- Born: 9 September 1932 Kampala, Uganda
- Died: January 2005 (aged 72) Nairobi,Kenya
- Other name: Gladys Wambuzi
- Citizenship: Ugandan
- Education: King's College, Budo Gayaza High School Buloba Teachers College
- Occupations: Educator, educationist
- Known for: Co-founding Greenhill Academy
- Spouse: Samuel Wako Wambuzi

= Gladys Nsibirwa Wambuzi =

Gladys Nsibirwa Wambuzi also known as Gladys Wambuzi (9 September 1932 – January 2005) was a Ugandan educator and educationist who taught in Uganda, Kenya and the United Kingdom.

== Early life and education background ==
Gladys was born on 9 September 1932 at Mengo Hospital in Kampala, Uganda. She was the daughter of Martin Luther Nsibirwa OBE, who served as Katikkiro (Prime Minister) of Buganda.

She began her primary education at Lubiri Primary School before joining King's College Budo in 1938 where she served as a monitor in Grace House and choir member of Nightingales choir. Gladys left King's College Budo in 1950 after obtaining her Cambridge School Certificate and she joined Gayaza High School in 1951. In 1952, she joined Buloba Teachers College on the junior secondary teacher-training course.

== Career ==
Gladys began her teaching career in 1954 at Ndejje Teachers Training College and King's College Budo between 1954 and 1955. In 1956, she taught at Iganga Girls School and later at Agalia Awamu Kasawo. She continued teaching at Matale Junior Secondary School in 1960 and Lubiri Secondary School in 1961.
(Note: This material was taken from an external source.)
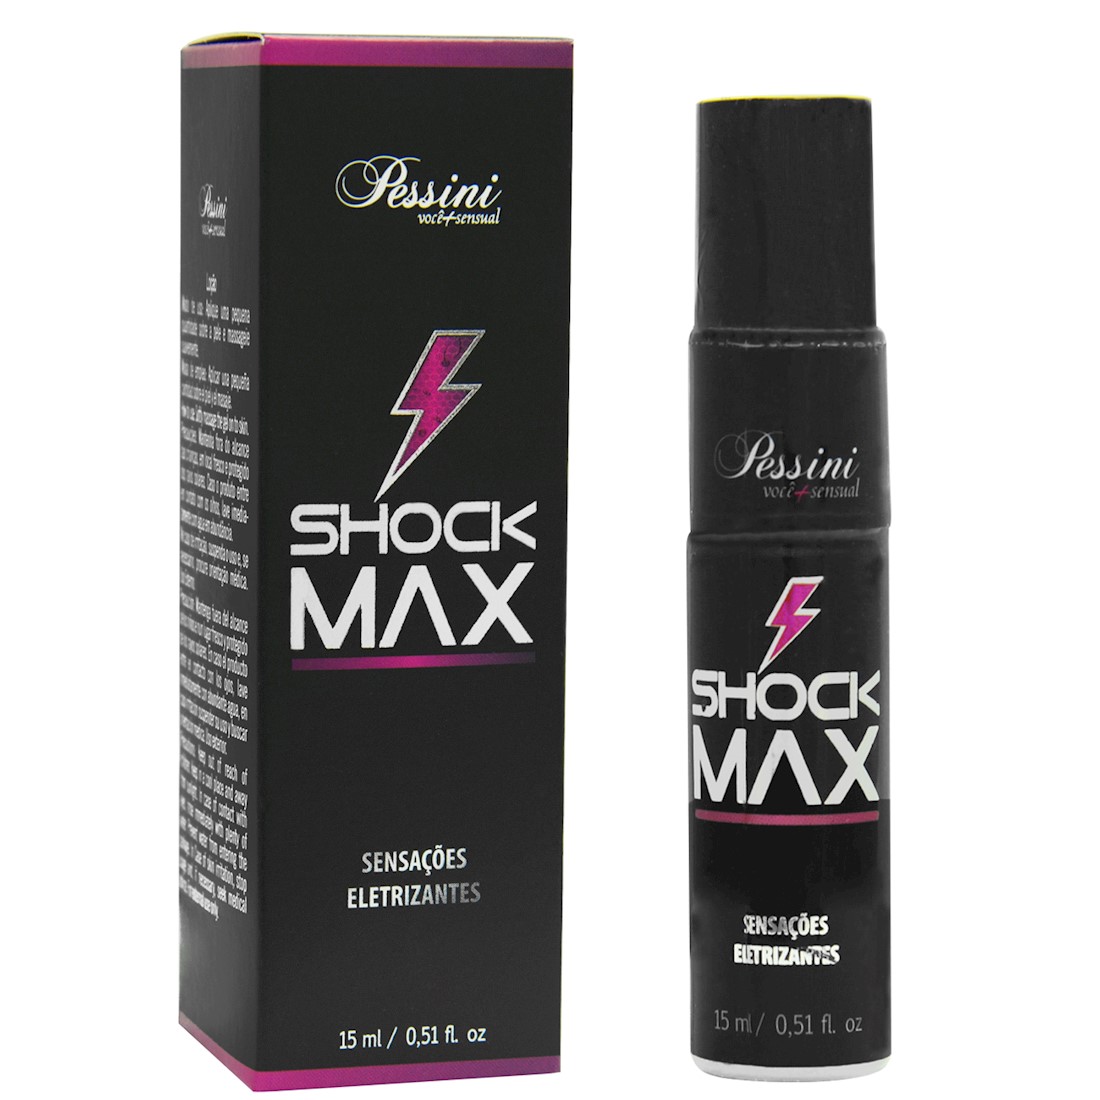 Vibrador liquido Shock Max Sensações Eletrizantes 15ml Pessini - Sex shop

Between 1962 and 1964, Gladys served as headmistress of Nkumba Secondary School, an institution that later became associated with the development of Nkumba University. In 1965, she taught at Muslim Girls School. In 1966, she became headmistress of Mengo Girls School and during her leadership, the school was transformed into a co-educational institution and became Mengo Primary School.

From 1976 to 1979, Gladys taught at Lavington Primary School in Nairobi, Kenya and from 1980 to 1993, she worked at Kampala Parents School, where she served as Director of Academics. In 1994, she co-founded Greenhill Academy in Kampala together with her sister Janet Nsibirwa Mdoe and other educators. While at this school, she served as the headteacher and chairperson of Greenhill Holdings.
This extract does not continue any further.